Certainly the spectacular criminal justice reform we accomplished in recent years didn't address the question of speed. It aimed instead at reducing the crime rate, and it succeeded overwhelmingly. By contrast with England, Sweden, and the Netherlands, the U.S. rate of property crime has declined dramatically, and the rate of violent crime has dropped significantly, too—chiefly because, contrary to the advice of some intellectuals, we have embraced the criminal justice system and attempted to use it. Abroad, they often warily reject it. But we have succeeded at a huge price: we have over a million people in state prisons. These institutions work well at deterring misconduct and incapacitating offenders, but they don't change people.

If you want to change the people, speed becomes crucial. Any parent knows that.
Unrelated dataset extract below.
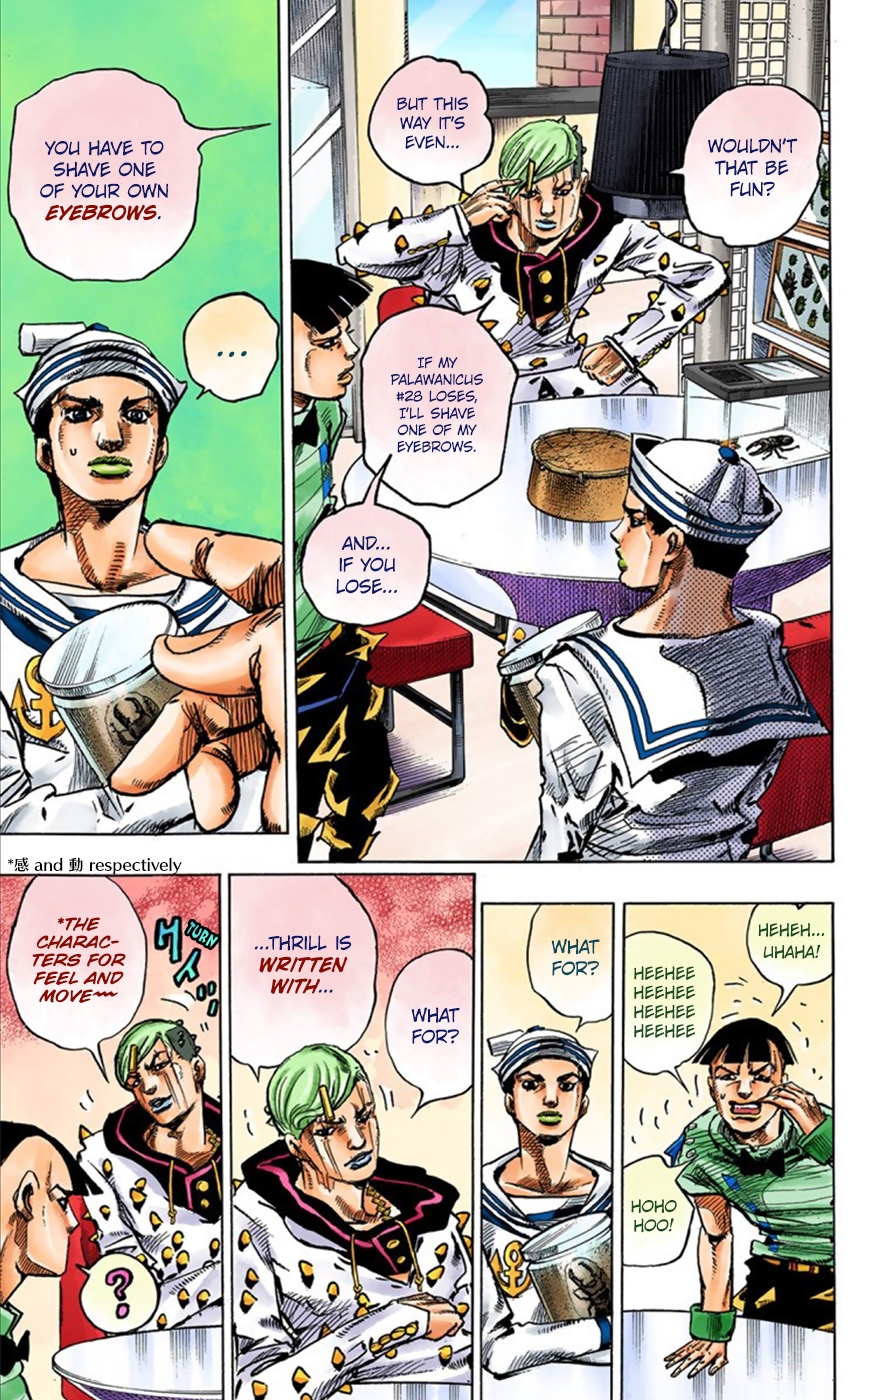 JoJo's Bizarre Adventure Part 8 JoJolion [Official Colored] Vol. 9 Ch. 35 Every Day is a Summer Vacation Part 2

When raising children, we do not say, "John, because you've been teasing Mary unmercifully at the dinner table, six months from now you're going to be grounded." Nor do we say to Mary, "Because you have been feeding John's homework to the dog, you have a 50-50 chance nine months from now of being grounded." We believe as ordinary human beings that the swift penalty or the swift reward is far more efficacious.

The criminal justice system does not believe in swiftness, and for a very good reason. The U.S. Constitution gives to criminal defendants, as to all of us, the right to a fair trial, the right to counsel, and the power to resist certain forms of interrogation. We wish to ensure that the chances of an innocent person's being punished are minimal. There is no way, therefore, to make the criminal justice system, as it deals with accused offenders, much speedier. We have statutes in many states and at the federal level that induce jurisdictions to bring about speedy trials, but a "speedy trial" ordinarily takes place at least six months after the offense has been committed.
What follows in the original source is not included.